Bits of Wisdom
It starts innocently enough: your first baby doll, your first babysitting job. The instinct to be a mother is a powerful drive. By the time you are in your 20s, the desire to procreate might be the first thing on your mind each morning and the stuff that dreams are made of each night.
Deciding to conceive can be as difficult as plotting and planning for years or as simple as throwing your birth control out the window. But before you take action, diary writers from Parentingzilla have a few bits of wisdom to share. Chances are, you’ll learn a thing or two you never even dreamed about.
Getting pregnant isn’t always easy. Not every couple conceives on the first try. Many people find themselves months behind schedule, far from the ideal, wondering if infertility might be an issue. If you think your worry stops once the test reads positive, think again.
“I thought miscarriage only happened to someone who wasn’t healthy or was kind of frail,” says Parentingzilla diary writer Kathy Woltman. She learned the hard way that miscarriage can happen to anyone and for no apparent reason. While having this information shouldn’t turn you away from trying to conceive, it should begin to prepare you for the possibility that conception is unpredictable. That’s a head-start Woltman wish she could have had.
“I wish I had known that miscarriage happens to a lot of women, and it is a fact of pregnancy,” she says.
Unfortunately, not all pregnancies are picturesque. There are moments of heavy stress and inner turmoil. But all women should be aware that modern medicine can contribute to the worry.
Rena Tassinari, a Parentingzilla diary writer, had two Alpha Fetal Protein (AFP) tests that indicate an increased risk for Down syndrome. “… The doctors scared me to death about there possibly being something wrong with my baby,” she says.

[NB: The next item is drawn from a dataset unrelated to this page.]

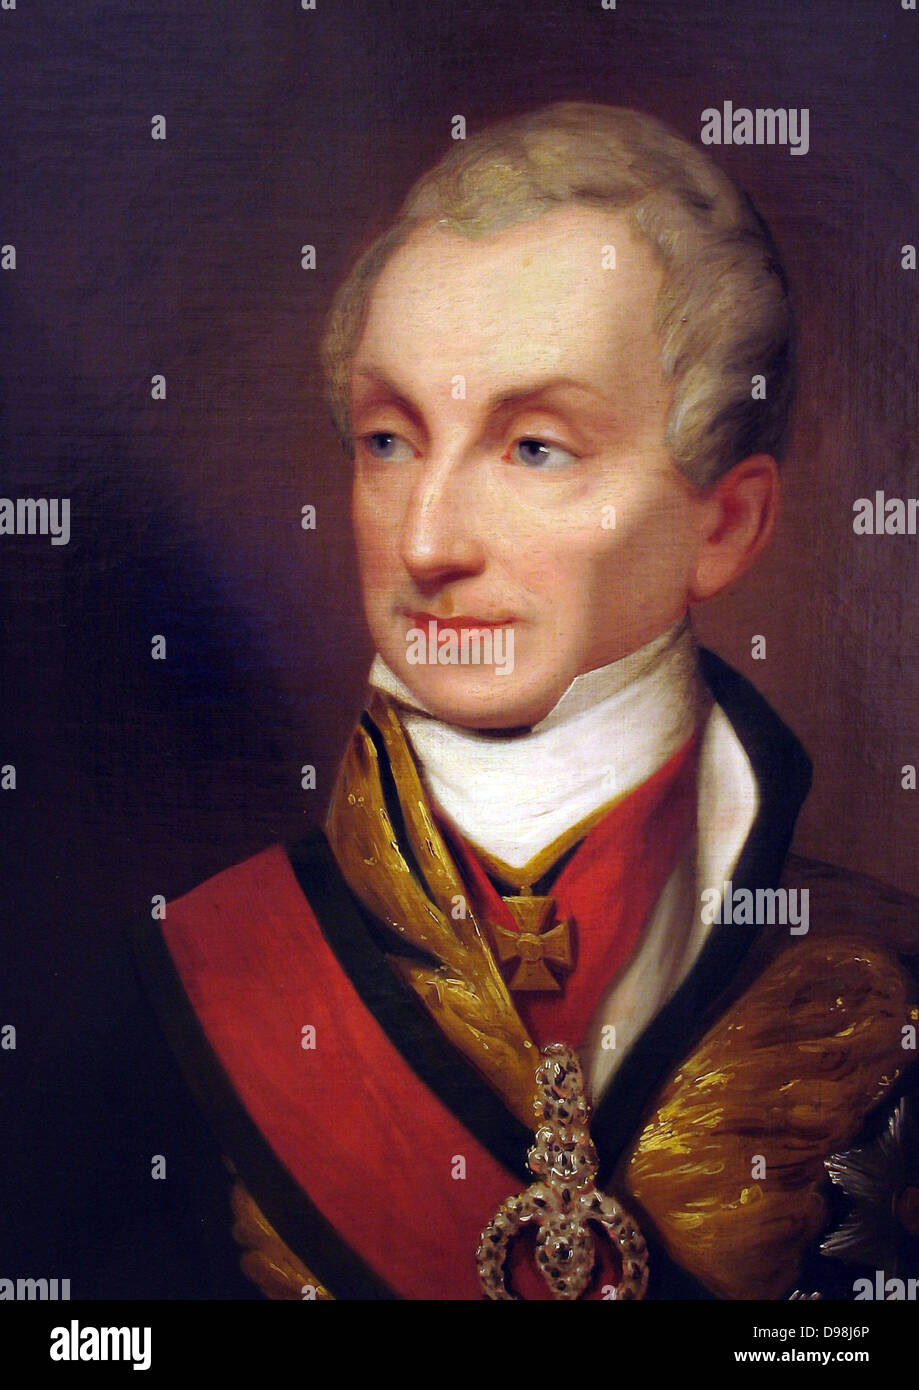 Fürst Klemens von Metternich 1773 – 1859. Deutschstämmiger österreichischer Politiker und Staatsmann. Porträt des Fürsten Metternich ca. Stockfoto

Tassinari opted for an amniocentesis with her first pregnancy. Still, when an AFP yielded similar results with her second pregnancy, she was much better educated about the high rate of false positives. Instead of accepting another stressful and possibly dangerous amniocentesis, Tassinari felt comfortable with an ultrasound that showed no “soft signs” of Down syndrome.
Before you conceive, it is time to read and research so that when and if something abnormal occurs, your tendency toward emotional decision-making is backed by rational thought and information, not just the doctor’s or nurse’s word and opinion.
As time progresses and the baby grows, the symptoms of pregnancy grow, too.
“I really am too tired to do much of anything these last few weeks,” says Nicole Ticknor, a Parentingzilla diary writer. “If [my husband and I] knew ahead of time, we certainly would have traveled a lot more right before conceiving.”
That’s right; before you think about packing a bag for the hospital, why not decide if there is a little bit of adventure left inside of you. A growing baby will crowd out that wandering spirit in no time at all.
“I’m quite sure that if I’d known how bad [childbirth] was going to be, I would not have gotten pregnant,” says Parentingzilla diary writer Sheila Schmidt. “I would have at least scheduled a Cesarean section.”
Face it: Childbirth can be painful. You may plan to have an epidural. You may intend to meditate your way through labor. But in the end, birth is unpredictable. If you think for a moment that you can chart a course for childbirth, you’d better wake up fast.
It sounds harsh, but it is the reality. Some women have had failed epidurals. Some have Cesarean sections without being fully anesthetized. And then there are women like Parentingzilla diary writer Peggy Chang.
“I guess I had so much fear about childbirth and parenting that I didn’t try to become pregnant sooner,” she says. “Now I’ve tasted the joy of pregnancy and parenting. I don’t regret being pregnant at all and can’t wait for the next time to come.”
Some women enjoy labor. That’s just another piece of the unpredictable childbirth pie.
And just when you think that the hard part is over — your egg managed to be infiltrated by one lowly sperm, you managed to make it through the first trimester without miscarrying, and you somehow passed a watermelon through an orange-sized hole — you are now a parent.
“I had no idea how difficult and exhausting having a newborn can be,” says Beth Skarupa, a Parentingzilla diary writer. “But I don’t think anyone can really know this until they experience it themselves.”
“Exhausted” might be an understatement. For some new parents, “incoherent” is a better word. If you are a person who wants or needs a large amount of sleep to function exactly before you conceive is time to figure out how you will handle this joy of parenting.
“For years I had yearned for a baby, took care of relatives’ children and thought I’d be a great mom,” says Parentingzilla diary writer Megan Byers. ” … But it is so different when it is 24 hours a day, seven days a week.”
Crazy. Parenting is the only job on this planet that requires total self-sacrifice without so much as one measly sick day in return. And to think that after experiencing all of this, someone, like Parentingzilla diary writer June would say, “I never thought I would have loved someone enough to give up my life for them.”